“I only wanted her to take me past the ledge,” Lisle explained. “I’d no notion of going right through with her. Now we’ll make for camp.”

On arriving there as darkness closed down, they found that Jake had recovered the craft. The paddles had gone, but he could make another pair in an hour or two. They had a few dry things to put on, and as they lay beside the fire after supper they were sensible that the slight constraint both had felt for the last two days had vanished. Neither would have alluded to the feeling which had replaced it, nor, indeed, could have clearly expressed his thoughts, but mutual liking, respect and confidence had suddenly changed to something stronger. During the few minutes they spent in the water a bond, indefinite, indescribable, but not to be broken, had been forged between the two.

The next morning it was clear and cold, and they made good progress until they landed late in the afternoon. Then, after scrambling some distance over loose gravel, Lisle and Nasmyth stopped beside a slight hollow in a wall of rock. A few large stones had been rudely placed on one another to form a shelter; there were still some small spruce branches, which had evidently been used for a roof, scattered about; and the remains of a torn and moldering blanket lay near by. In another place was a holed frying-pan and a battered kettle.

Nasmyth gravely took off his shapeless hat, and stood glancing about him with a fixed expression.

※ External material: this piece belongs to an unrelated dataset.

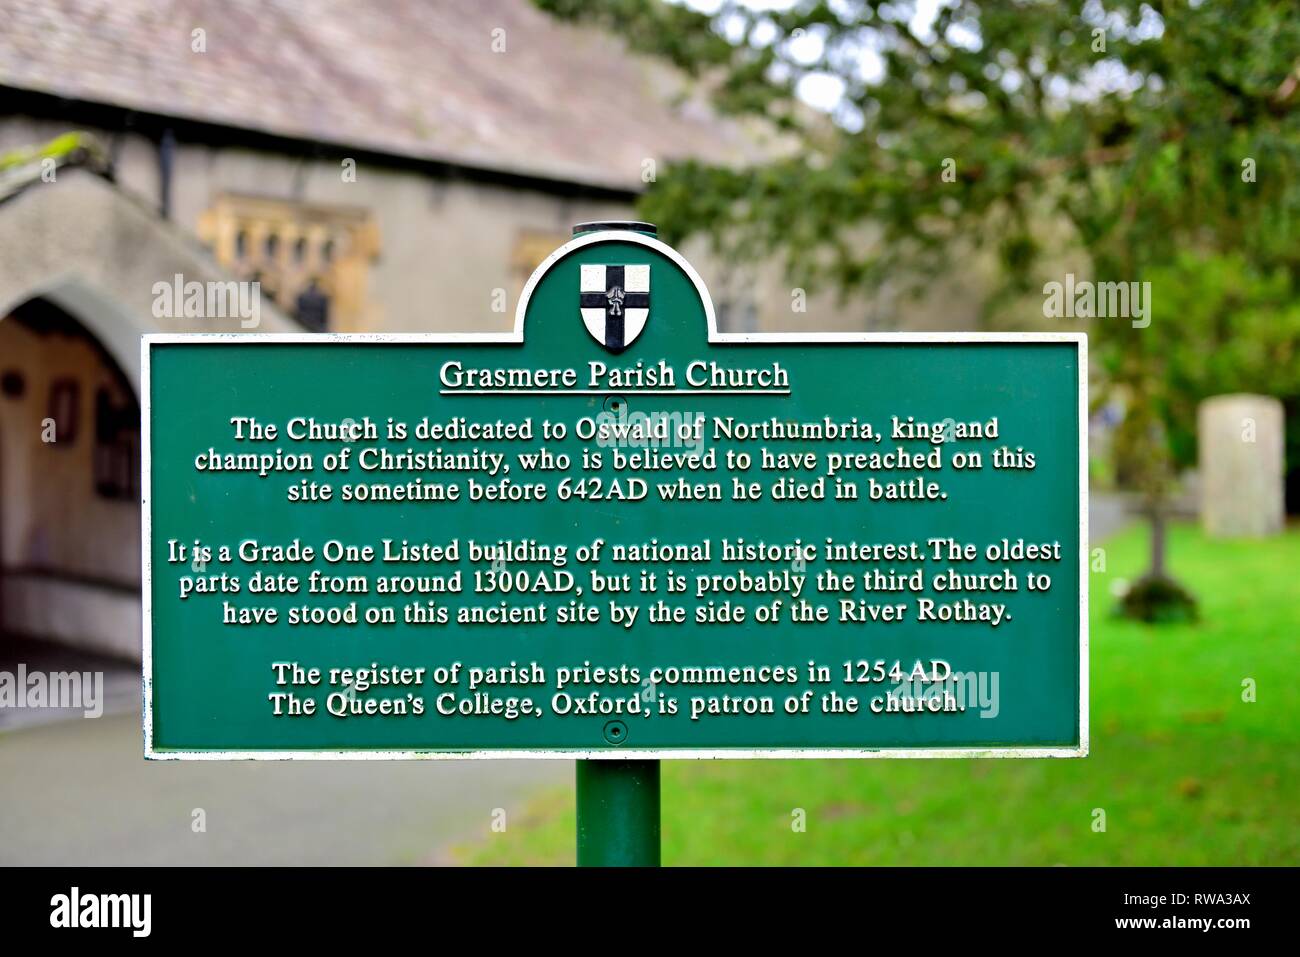 Grasmere Parish Church plaque historical information sign,Lake District,Cumbria,England,UK Stock Photo

“This,” he said quietly, “is where my friend died—as you have heard, they afterward took his body out. There are few men who could compare with that one; I can’t forget him.”

There was nothing to be done, and little that could be said; and they turned away from the scene of the tragedy, where a man, who to the last had thought first of his companions, had met his lonely end. Launching the canoe, they sped on down-river, making a few easier portages, and four days later they landed on the bank of a turbulent reach shut in by steep, stony slopes. There was a little brushwood here and there, but not a tree of any kind.

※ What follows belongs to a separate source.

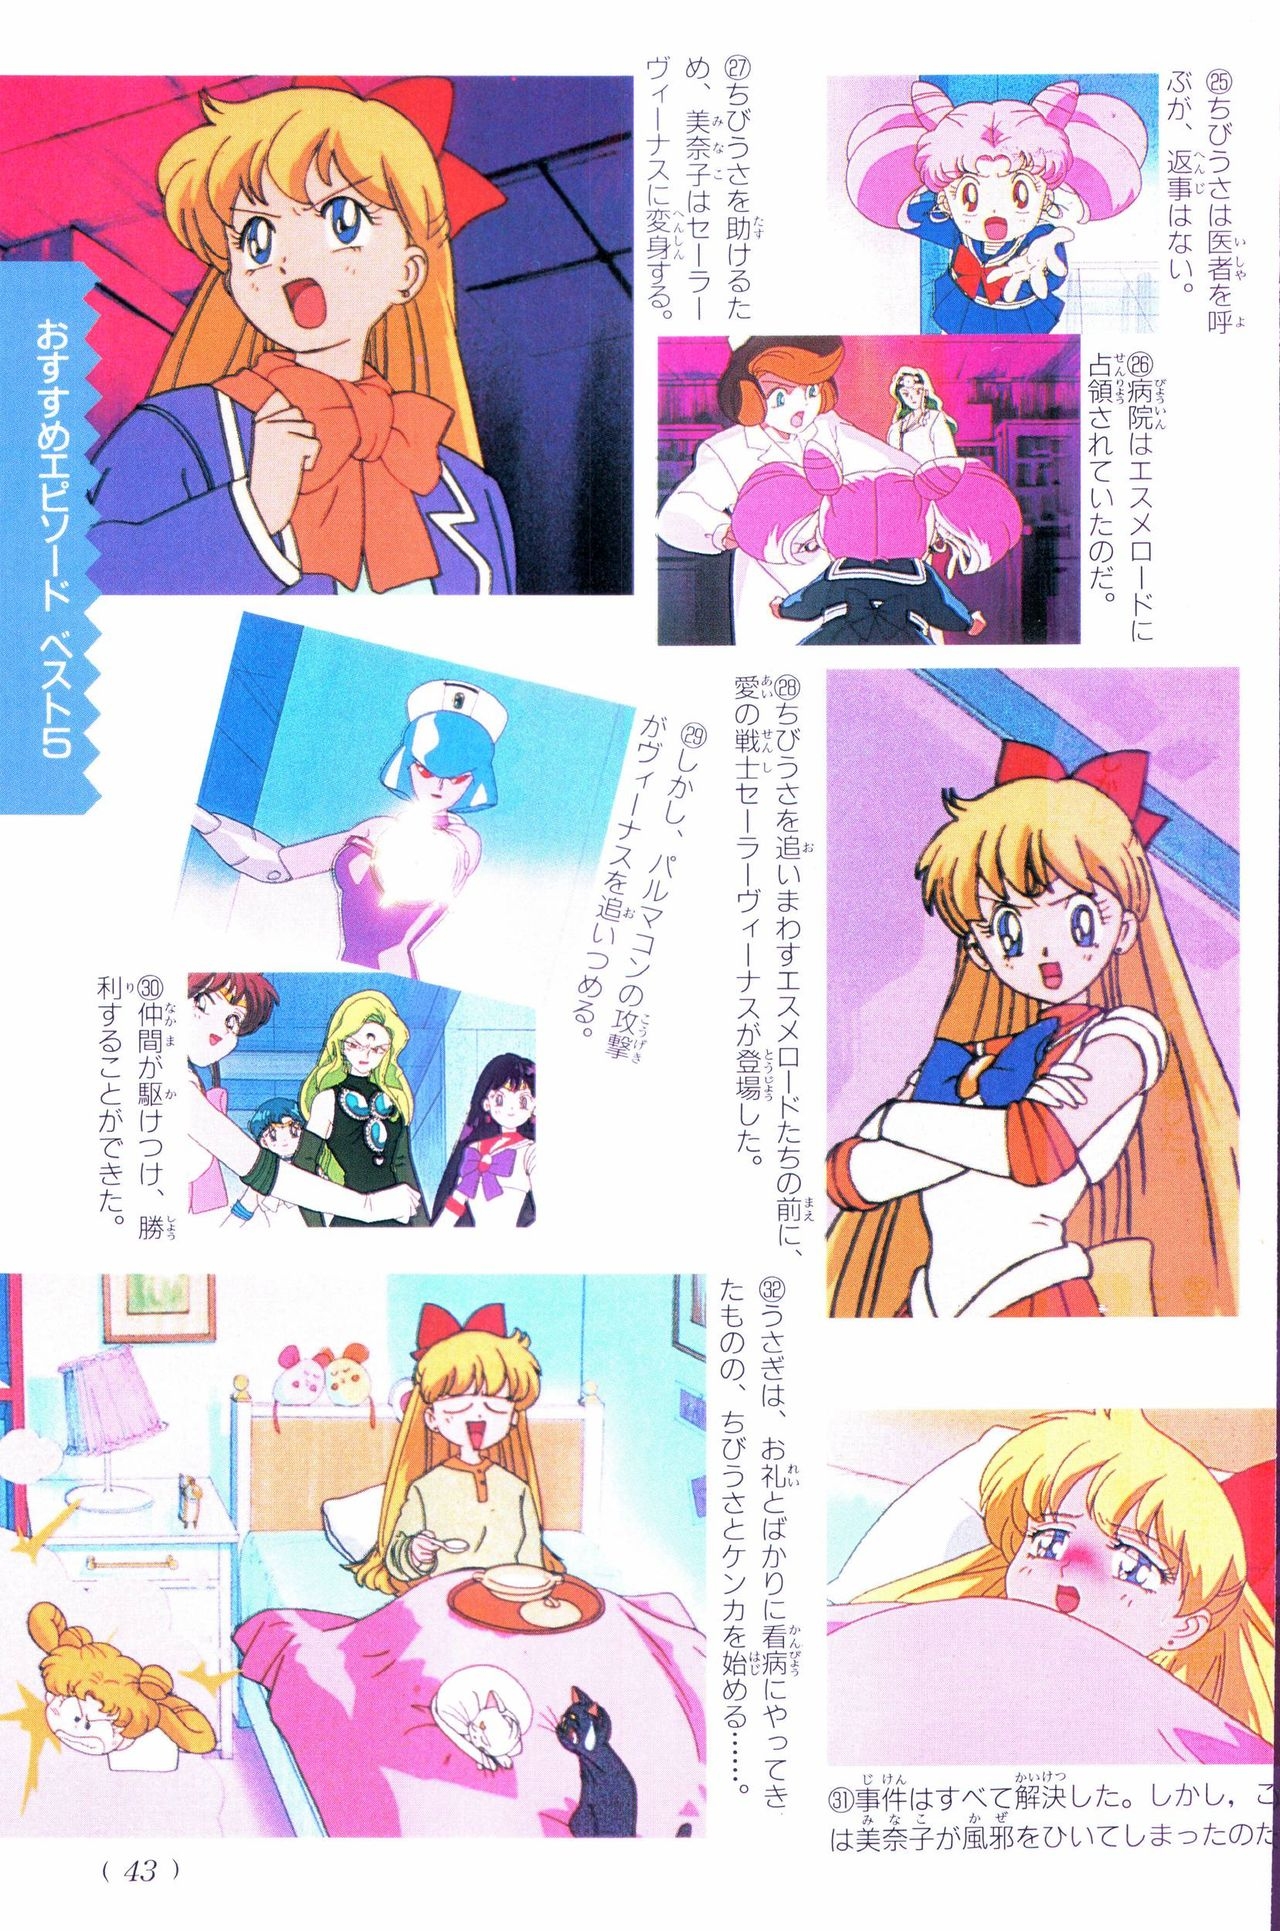 Sailor Moon Official Fan Book - Sailor Venus 51

“It was on this beach that Gladwyne made one cache,” said Lisle. “If there had been a cypress or a cedar near, he’d have blazed a mark on it. As it is, we’d better look for a heap of stones.”

They searched for some time without finding anything, for straight beach and straight river presented no prominent feature which any one making a cache would fix upon as guide. Lisle directed Nasmyth’s attention to this.

“There was deep snow when Vernon came down the gorge, on this side,” he pointed out. “It doesn’t follow that he was with the others when they buried the stores—he might have been carrying up a load—and it’s possible they couldn’t give him a very exact description. If I’m right in this, he’d have a long stretch of beach to search, and a man’s senses aren’t as keen as usual when he’s badly played out.”

Nasmyth made no comment, but his expression suggested that he would not be disappointed if they failed to strike the cache. Shortly afterward, however, Jake called out, and on joining him they saw a cross scratched on a slab of slightly projecting rock. Even with that to guide them, it was some time before they came upon a few stones roughly piled together and almost hidden in a bank of shingle.